─── EXCERPTED DATA ───

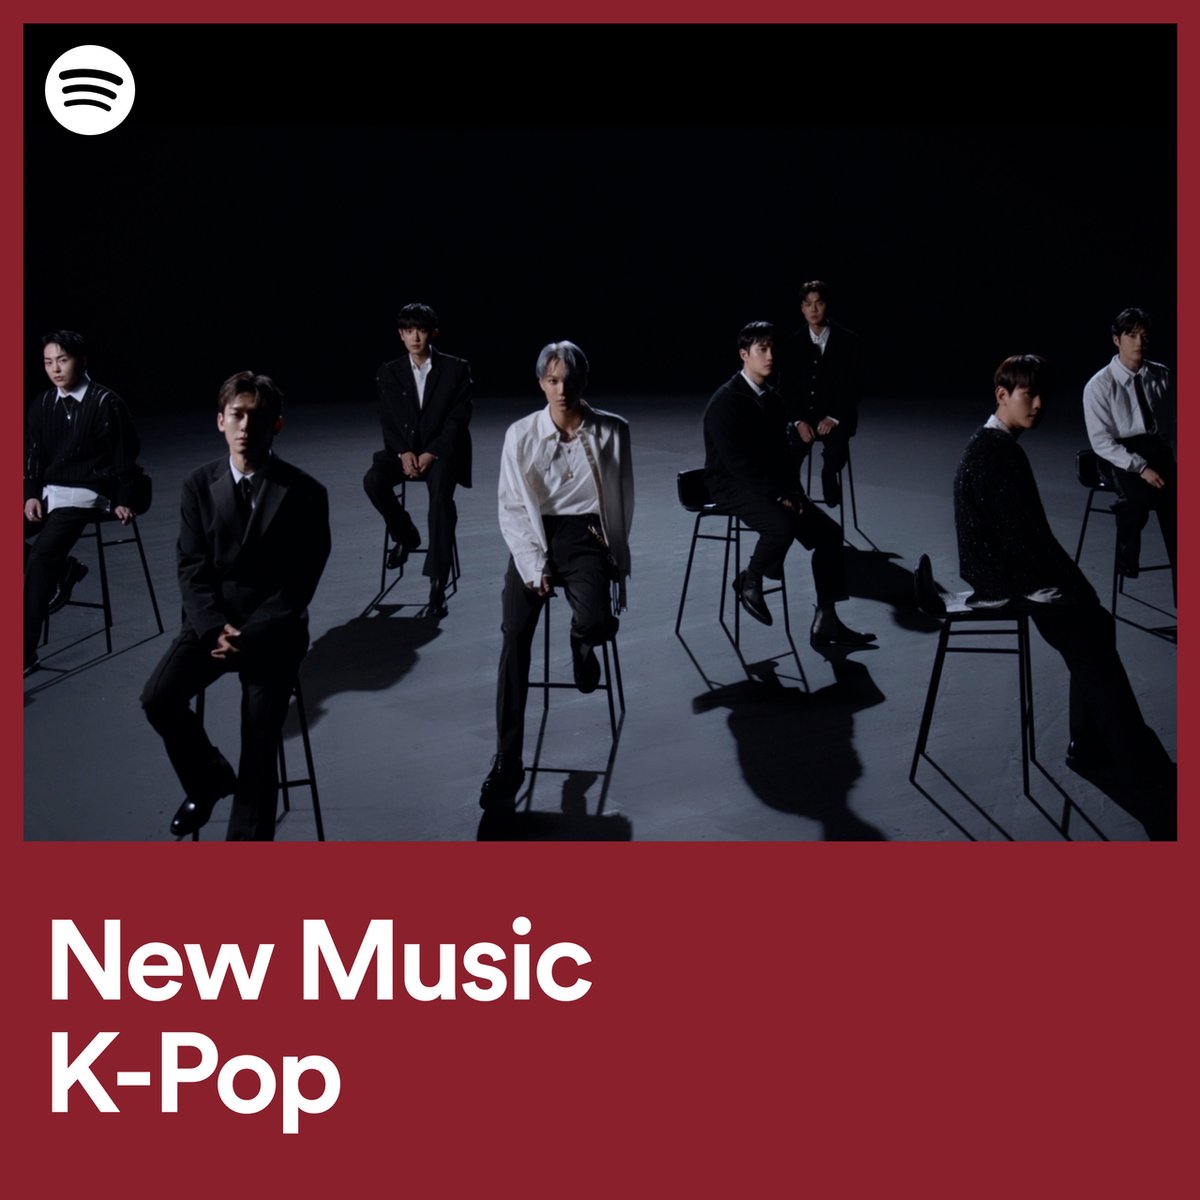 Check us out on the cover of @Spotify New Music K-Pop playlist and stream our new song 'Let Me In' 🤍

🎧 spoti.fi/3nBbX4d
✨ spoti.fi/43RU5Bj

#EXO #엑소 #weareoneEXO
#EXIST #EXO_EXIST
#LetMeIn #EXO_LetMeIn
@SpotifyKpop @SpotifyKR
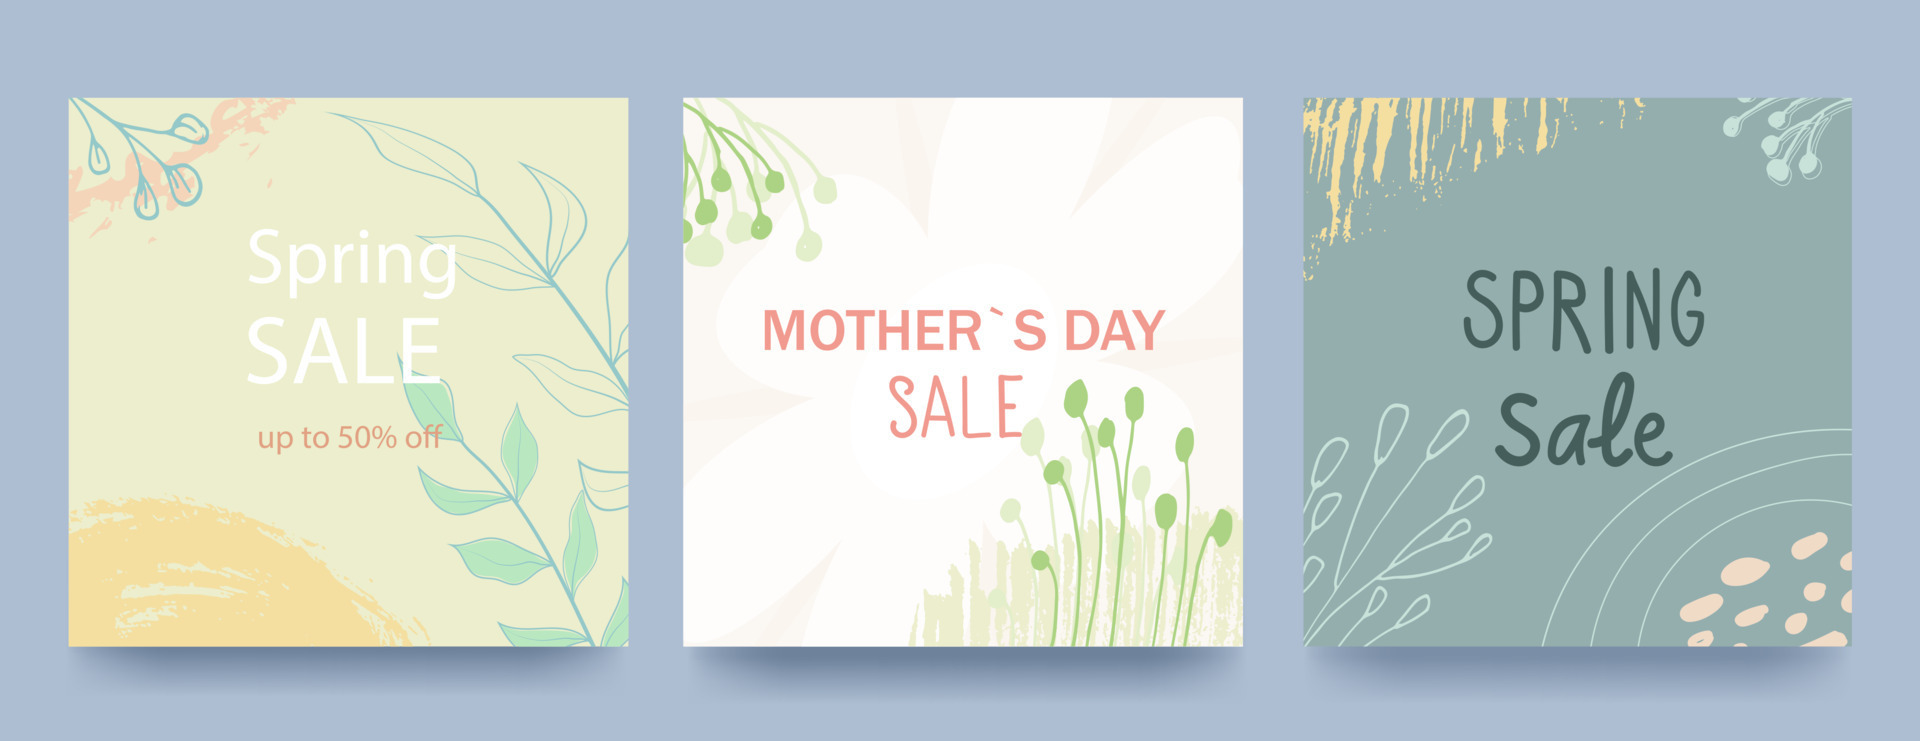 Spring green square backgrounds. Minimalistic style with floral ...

───

THE TASK :: Quote exactly the lines from the one that contains "#EXO #엑소 #weareoneEXO" through the end of the listing above, both ends included, leaving out the pictures.

EXPECTED ANSWER ::
#EXO #엑소 #weareoneEXO
#EXIST #EXO_EXIST
#LetMeIn #EXO_LetMeIn
@SpotifyKpop @SpotifyKR
 Spring green square backgrounds. Minimalistic style with floral ...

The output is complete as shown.